HanBin Yoon, Justin Meza, Rachata Ausavarungnirun, Rachael Harding, Onur Mutlu
Carnegie Mellon University
5000 Forbes Ave.
Pittsburgh, PA 15213
http://www.pdl.cmu.edu/
Phase change memory (PCM) is a promising alternative to DRAM, though its high latency and energy costs prohibit its adoption as a drop-in DRAM replacement. Hybrid memory systems comprising DRAM and PCM attempt to achieve the low access latencies of DRAM at the large capacities of PCM. However, known solutions neglect to assess the utility of data placed in DRAM, and hence fail to achieve high performance and energy efficiency. We propose a new DRAM-PCM hybrid memory system that exploits row buffer locality. The main idea is to place data that cause frequent row buffer miss accesses in DRAM, and data that do not in PCM. The key insight behind this approach is that data which generally hit in the row buffer can take advantage of the large memory capacity that PCM has to offer, and still be accessed as quickly as if the data were placed in DRAM. We observe our mechanism (1) effectively mitigates the high access latencies and energy costs of PCM, (2) reduces memory channel bandwidth consumption due to the migration of data between DRAM and PCM, and (3) prevents data that exhibit low reuse from polluting DRAM. We evaluate our row buffer locality-aware scheme and show that it outperforms previously proposed hybrid memory systems over a wide range of multiprogrammed workloads.
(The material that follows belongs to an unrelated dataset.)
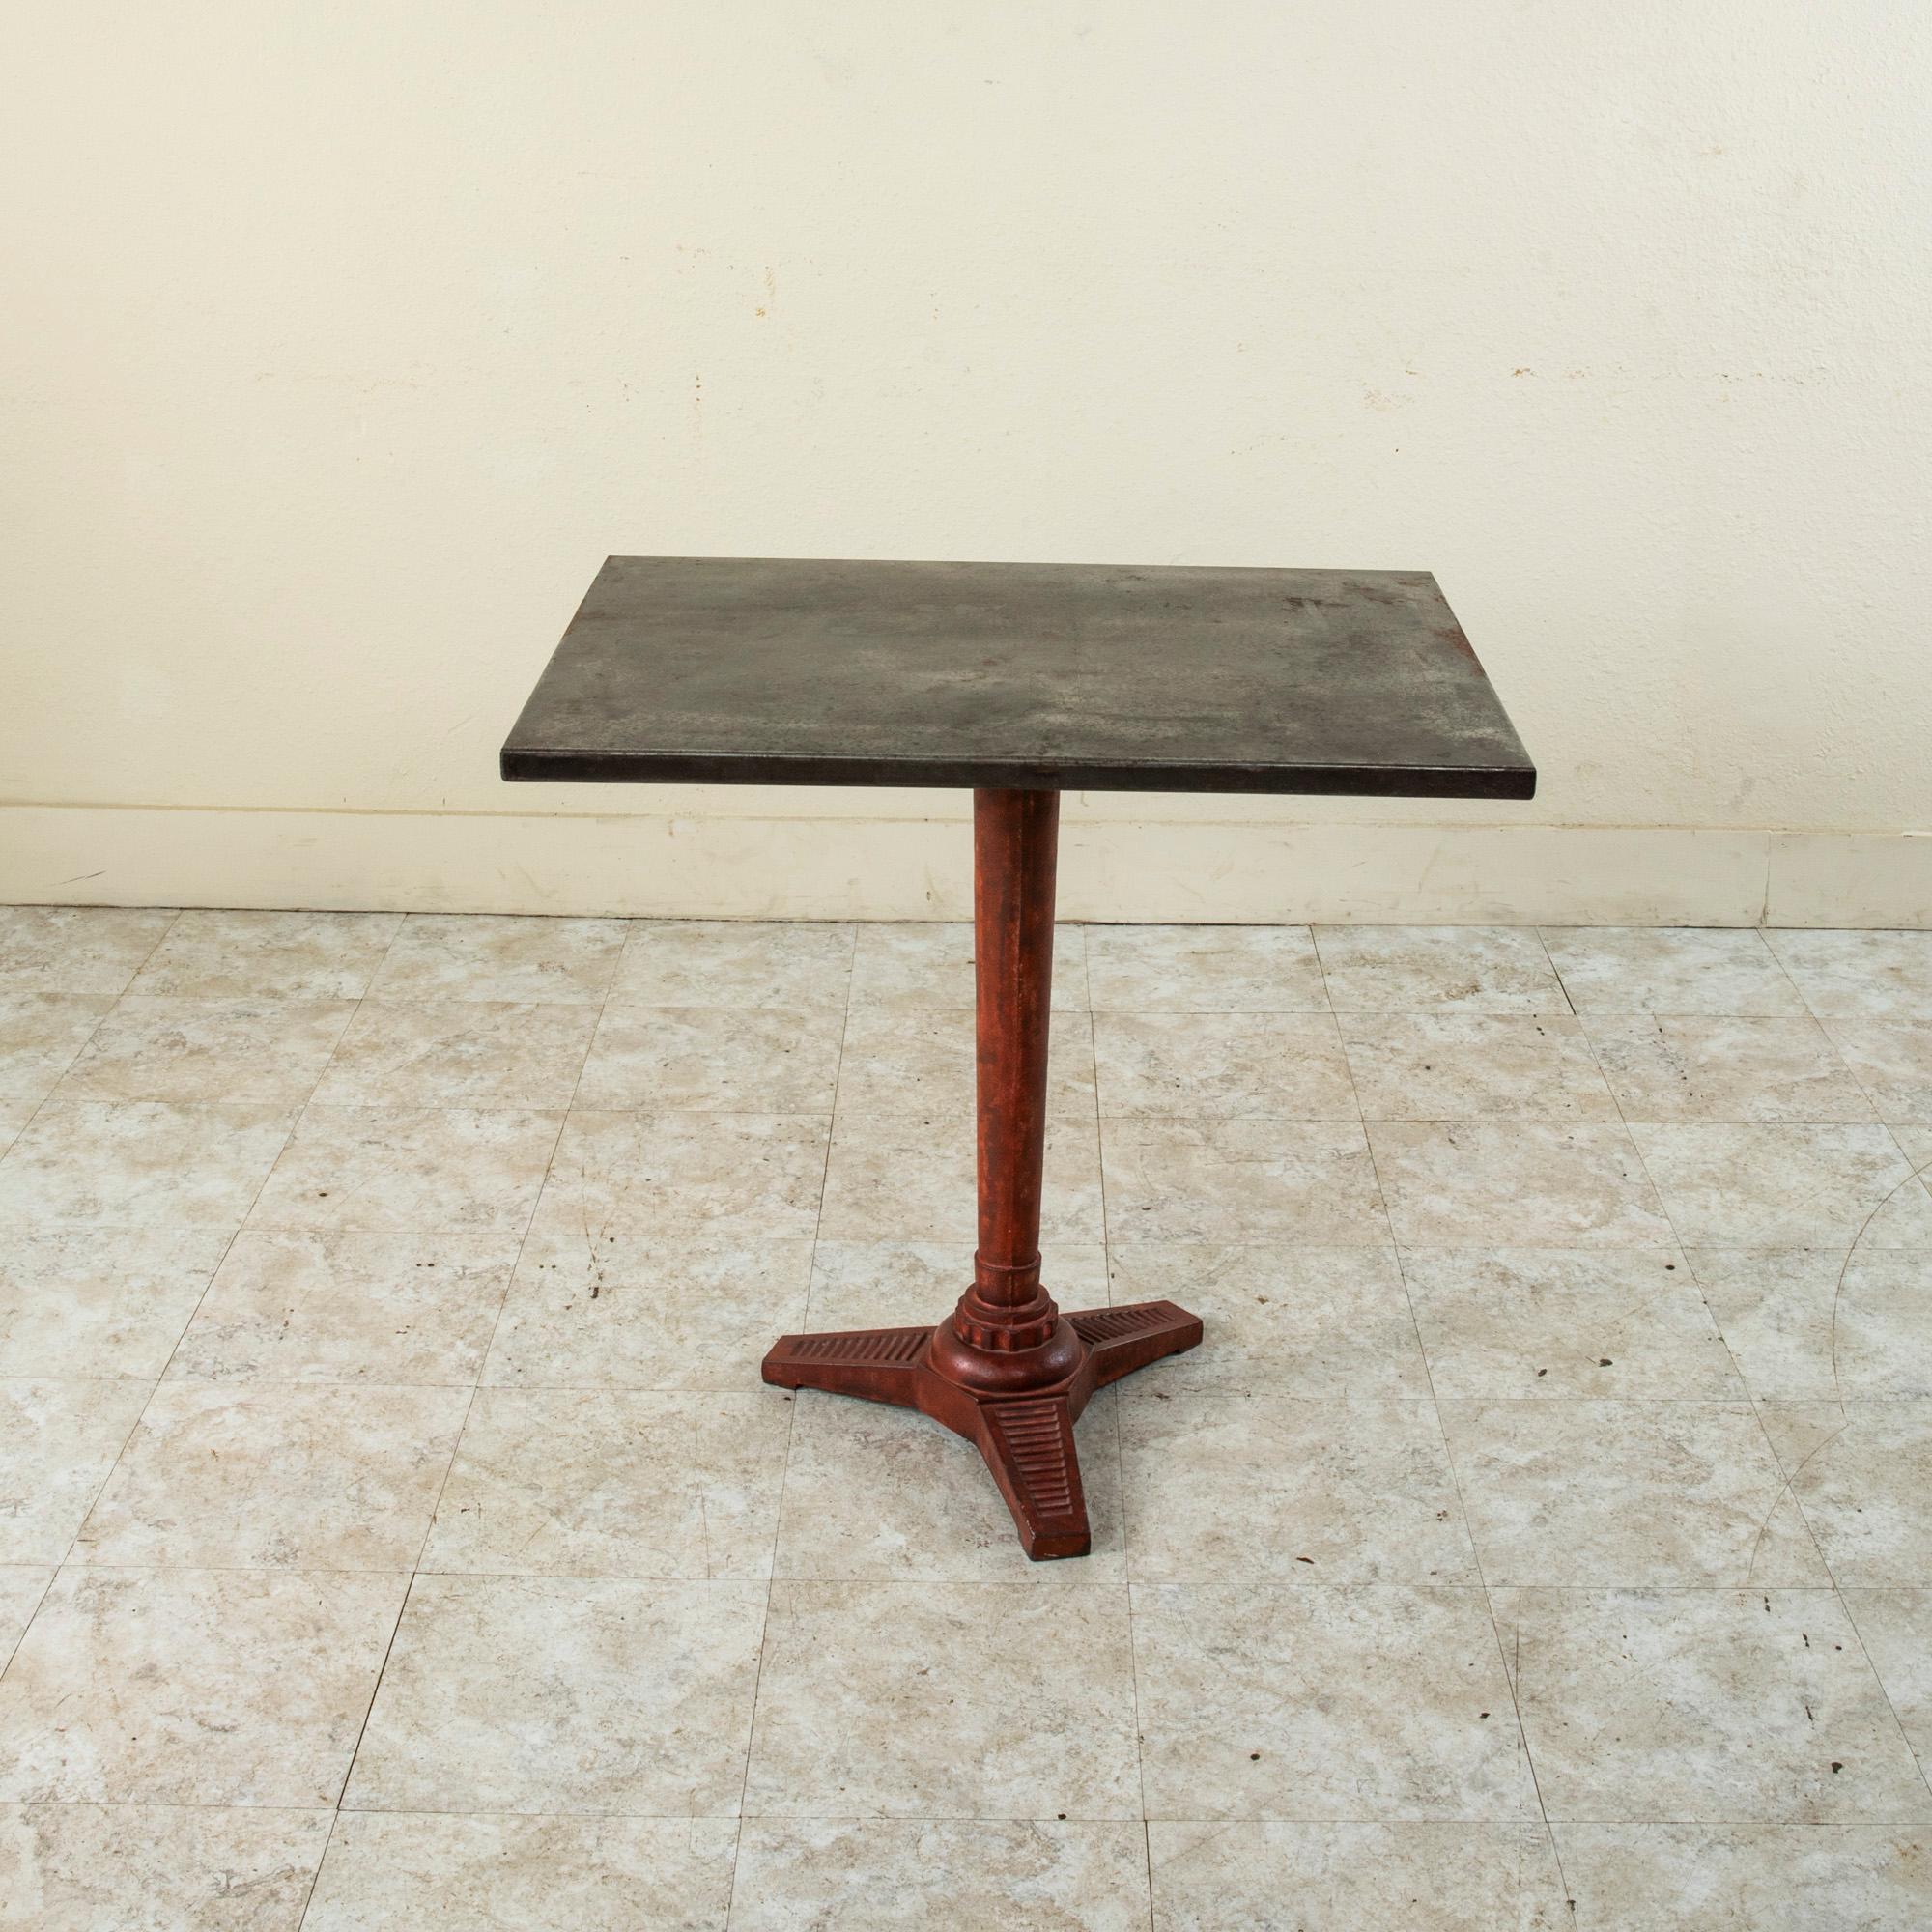 Dieser rechteckige Bistrotisch oder Cafétisch aus dem frühen zwanzigsten Jahrhundert im französischen Art déco-Stil hat eine Metallplatte auf einem Sockel aus Gusseisen. Der Sockel ist rot lackiert und ruht auf dreibeinigen, mit Rillen versehenen

Across 500 workloads on a 16-core system with 256 MB of DRAM, we find that our scheme improves system performance by 41% over using DRAM as a conventional cache to PCM, while reducing maximum slowdown by 32%. Furthermore, our scheme shows 17% performance gain over a competitive all-PCM memory system, and comes to within 21% of the performance of an unlimited-size all-DRAM memory system.